→ **Data for this exercise**:
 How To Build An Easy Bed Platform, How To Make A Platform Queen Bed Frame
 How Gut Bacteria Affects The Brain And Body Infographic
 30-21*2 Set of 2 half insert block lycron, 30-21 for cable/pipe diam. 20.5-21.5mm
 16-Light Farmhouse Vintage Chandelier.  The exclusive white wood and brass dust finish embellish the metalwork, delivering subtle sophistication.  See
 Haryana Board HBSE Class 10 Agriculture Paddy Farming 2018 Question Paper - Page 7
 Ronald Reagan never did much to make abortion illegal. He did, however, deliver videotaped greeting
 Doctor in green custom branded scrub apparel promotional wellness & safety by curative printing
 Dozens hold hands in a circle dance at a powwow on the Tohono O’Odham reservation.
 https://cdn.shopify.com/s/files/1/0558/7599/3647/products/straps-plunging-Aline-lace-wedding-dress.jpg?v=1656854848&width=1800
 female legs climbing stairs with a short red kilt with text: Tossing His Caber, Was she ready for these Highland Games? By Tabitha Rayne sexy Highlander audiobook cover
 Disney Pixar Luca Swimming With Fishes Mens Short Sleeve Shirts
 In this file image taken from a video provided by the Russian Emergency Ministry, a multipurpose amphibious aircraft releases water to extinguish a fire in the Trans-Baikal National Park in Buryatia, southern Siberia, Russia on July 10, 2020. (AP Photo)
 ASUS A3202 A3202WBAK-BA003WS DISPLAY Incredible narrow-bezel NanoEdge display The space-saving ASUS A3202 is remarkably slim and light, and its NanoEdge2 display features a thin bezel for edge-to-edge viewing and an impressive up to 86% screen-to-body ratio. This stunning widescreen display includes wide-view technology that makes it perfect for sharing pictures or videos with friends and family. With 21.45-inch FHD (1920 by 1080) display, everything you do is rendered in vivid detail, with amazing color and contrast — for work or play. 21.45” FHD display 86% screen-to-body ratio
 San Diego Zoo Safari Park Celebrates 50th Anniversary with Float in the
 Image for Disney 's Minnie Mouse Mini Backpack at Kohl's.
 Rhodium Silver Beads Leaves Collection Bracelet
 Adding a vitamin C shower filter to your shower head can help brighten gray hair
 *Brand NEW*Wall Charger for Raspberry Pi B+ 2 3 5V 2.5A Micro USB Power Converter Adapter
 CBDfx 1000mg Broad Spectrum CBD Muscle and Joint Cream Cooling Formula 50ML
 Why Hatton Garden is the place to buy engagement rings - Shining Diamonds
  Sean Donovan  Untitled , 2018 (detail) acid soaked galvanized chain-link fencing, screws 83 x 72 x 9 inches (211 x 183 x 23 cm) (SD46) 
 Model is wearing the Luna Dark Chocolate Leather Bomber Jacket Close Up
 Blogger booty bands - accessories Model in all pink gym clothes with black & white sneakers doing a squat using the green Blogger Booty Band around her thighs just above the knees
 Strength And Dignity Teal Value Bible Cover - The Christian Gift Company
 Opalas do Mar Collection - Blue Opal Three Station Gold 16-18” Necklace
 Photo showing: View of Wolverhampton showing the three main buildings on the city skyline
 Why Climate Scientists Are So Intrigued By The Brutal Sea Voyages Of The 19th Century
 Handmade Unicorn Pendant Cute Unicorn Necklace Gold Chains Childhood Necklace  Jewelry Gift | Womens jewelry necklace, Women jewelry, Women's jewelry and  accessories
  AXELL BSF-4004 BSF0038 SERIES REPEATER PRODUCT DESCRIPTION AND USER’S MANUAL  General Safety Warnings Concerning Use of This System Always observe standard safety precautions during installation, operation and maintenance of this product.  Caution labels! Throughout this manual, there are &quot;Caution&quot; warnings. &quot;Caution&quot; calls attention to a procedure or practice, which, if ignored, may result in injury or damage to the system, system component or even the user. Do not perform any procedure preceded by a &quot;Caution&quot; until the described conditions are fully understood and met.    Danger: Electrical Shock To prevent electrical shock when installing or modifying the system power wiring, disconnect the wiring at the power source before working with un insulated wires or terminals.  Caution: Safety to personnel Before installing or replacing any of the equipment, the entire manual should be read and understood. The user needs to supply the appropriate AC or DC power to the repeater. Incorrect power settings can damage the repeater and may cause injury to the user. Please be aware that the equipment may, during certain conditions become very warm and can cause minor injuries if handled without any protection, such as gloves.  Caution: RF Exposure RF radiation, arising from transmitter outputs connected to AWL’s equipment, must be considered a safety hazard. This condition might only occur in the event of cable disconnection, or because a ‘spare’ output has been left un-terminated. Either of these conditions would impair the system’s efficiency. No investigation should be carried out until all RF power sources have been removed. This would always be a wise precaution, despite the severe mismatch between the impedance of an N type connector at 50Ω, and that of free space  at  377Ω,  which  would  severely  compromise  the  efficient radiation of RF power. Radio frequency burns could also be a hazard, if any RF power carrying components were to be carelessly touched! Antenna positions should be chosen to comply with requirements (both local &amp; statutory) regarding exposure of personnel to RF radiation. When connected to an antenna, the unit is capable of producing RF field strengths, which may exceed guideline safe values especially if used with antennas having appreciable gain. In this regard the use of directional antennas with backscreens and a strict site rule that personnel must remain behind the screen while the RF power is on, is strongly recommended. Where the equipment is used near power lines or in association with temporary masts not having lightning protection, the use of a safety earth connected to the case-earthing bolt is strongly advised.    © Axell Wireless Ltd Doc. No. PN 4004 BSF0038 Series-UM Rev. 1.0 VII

→ **What to work on**:
Write out exactly the lines above from the line with "Image for Disney" through the line with "Why Climate Scientists", both of them included, and leave out all other lines.

→ **Answer to this problem**:
 Image for Disney 's Minnie Mouse Mini Backpack at Kohl's.
 Rhodium Silver Beads Leaves Collection Bracelet
 Adding a vitamin C shower filter to your shower head can help brighten gray hair
 *Brand NEW*Wall Charger for Raspberry Pi B+ 2 3 5V 2.5A Micro USB Power Converter Adapter
 CBDfx 1000mg Broad Spectrum CBD Muscle and Joint Cream Cooling Formula 50ML
 Why Hatton Garden is the place to buy engagement rings - Shining Diamonds
  Sean Donovan  Untitled , 2018 (detail) acid soaked galvanized chain-link fencing, screws 83 x 72 x 9 inches (211 x 183 x 23 cm) (SD46) 
 Model is wearing the Luna Dark Chocolate Leather Bomber Jacket Close Up
 Blogger booty bands - accessories Model in all pink gym clothes with black & white sneakers doing a squat using the green Blogger Booty Band around her thighs just above the knees
 Strength And Dignity Teal Value Bible Cover - The Christian Gift Company
 Opalas do Mar Collection - Blue Opal Three Station Gold 16-18” Necklace
 Photo showing: View of Wolverhampton showing the three main buildings on the city skyline
 Why Climate Scientists Are So Intrigued By The Brutal Sea Voyages Of The 19th Century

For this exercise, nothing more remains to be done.